I was usning the following architecture for training my model:
class ConvNet(nn.Module):
def __init__(self):
super(ConvNet, self).__init__()
self.conv1 = nn.Conv2d(9, 27, kernel_size=3, stride=2, padding=0)
self.conv2 = nn.Conv2d(27, 54, kernel_size=5, stride=1, padding=0)
self.conv3 = nn.Conv2d(54, 64, kernel_size=6, stride=1, padding=1)
self.pool1 = nn.MaxPool2d((2,2))
self.conv4 = nn.Conv2d(64, 128, kernel_size=3,stride=1,padding=1)
self.conv5 = nn.Conv2d(128, 128, kernel_size=5,stride=2,padding=0)
self.pool2 = nn.MaxPool2d((2,2))
self.conv6 = nn.Conv2d(128, 64, kernel_size=3,stride=1,padding=0)
self.flat = nn.Flatten()
self.fc1 = nn.Linear(8704,512)
self.fc2 = nn.Linear(512,4)
def forward(self,x):
x = F.relu(self.conv1(x))
x = F.relu(self.conv2(x))
x = F.relu(self.conv3(x))
x = self.pool1(x)
x = F.relu(self.conv4(x))
x = F.relu(self.conv5(x))
x = self.pool2(x)
x = F.relu(self.conv6(x))
x = self.flat(x)
x = F.relu(self.fc1(x))
x = self.fc2(x)
return x
and was getting the following output on test set after training:
This is not a good prediction, since all the values are same.

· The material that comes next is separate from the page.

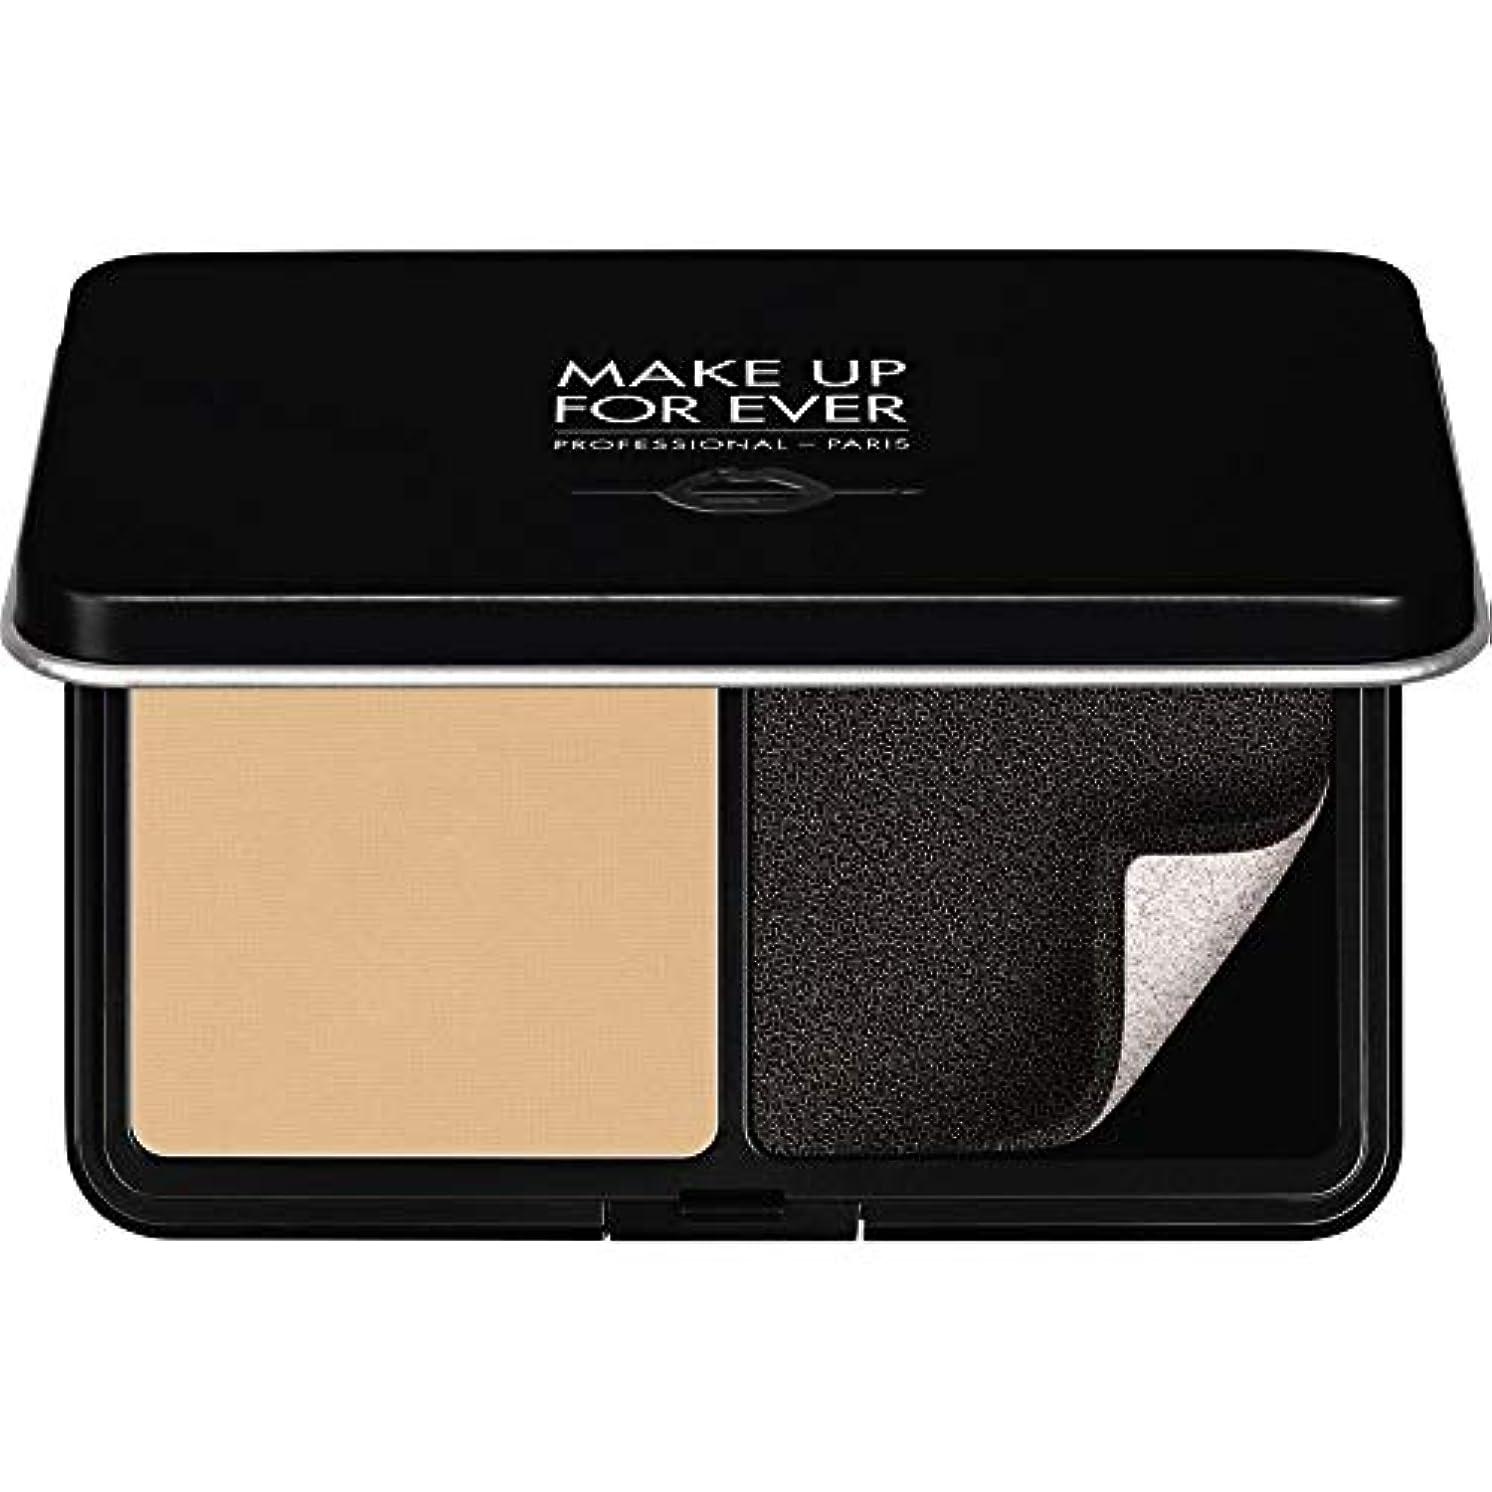 輸血付添人[MAKE UP FOR EVER ] パウダーファンデーション11GののY225をぼかし、これまでマットベルベットの肌を補う - 大理石 - MAKE UP FOR EVER Matte Velvet Skin Blurring Powder Foundation 11g Y225 - Marble [並行輸入品]

But as soon as I use sequential class, with same architecture:
model = torch.nn.Sequential(
torch.nn.Conv2d(9, 27, kernel_size=3, stride=2, padding=0),
torch.nn.ReLU(),
torch.nn.Conv2d(27, 54, kernel_size=5, stride=1, padding=0),
torch.nn.ReLU(),
torch.nn.MaxPool2d(2, 2),
torch.nn.Conv2d(54, 64, kernel_size=6, stride=1, padding=1),
torch.nn.ReLU(),
torch.nn.Conv2d(64, 128, kernel_size=3, stride=1, padding=1),
torch.nn.ReLU(),
torch.nn.MaxPool2d(2, 2),
torch.nn.Conv2d(128, 128, kernel_size=3, stride=2, padding=0),
torch.nn.ReLU(),
torch.nn.Conv2d(128, 128, kernel_size=3, stride=2, padding=0),
torch.nn.ReLU(),
torch.nn.MaxPool2d(2, 2),
torch.nn.Flatten(),
torch.nn.Linear(1024,512),
torch.nn.ReLU(),
torch.nn.Linear(512,4),
).to(device)
the output on test set after training:
[[3.2822053 1.3632872 2.3443744 0.00434288]]
[[ 2.5153766 0.00517752 -0.07172447 -0.04718025]]
[[ 7.12903 0.08480635 2.745857 -0.22266215]]
[[ 5.4862814 0.20487629 2.6381128 -0.03355677]]
[[0.766669 1.0363022 0.2687085 1.1925063]]
[[ 2.292058 0.2214803 2.2952085 -0.1321438]]
[[ 2.5587654 2.8598957 0.08964756 -0.16361943]]
[[ 1.3778323 -0.03345449 2.2093198 -0.11323967]]
[[ 2.2494226e+00 3.7341796e-02 -1.9486643e-02 -2.0913649e-03]]
[[-0.2568683 -0.16061799 0.03884238 2.7568922 ]]
[[ 2.6535883 0.06700002 0.12966754 -0.04277533]]
[[ 1.8448929 0.02760721 0.17743263 -0.07103067]]
I am not able to understand why this is happening since there shouldn’t be any difference between these two methods. I have tried with different architecture as well but the Sequential class was able to perform well on my training dataset while the conventional method was always just messing up.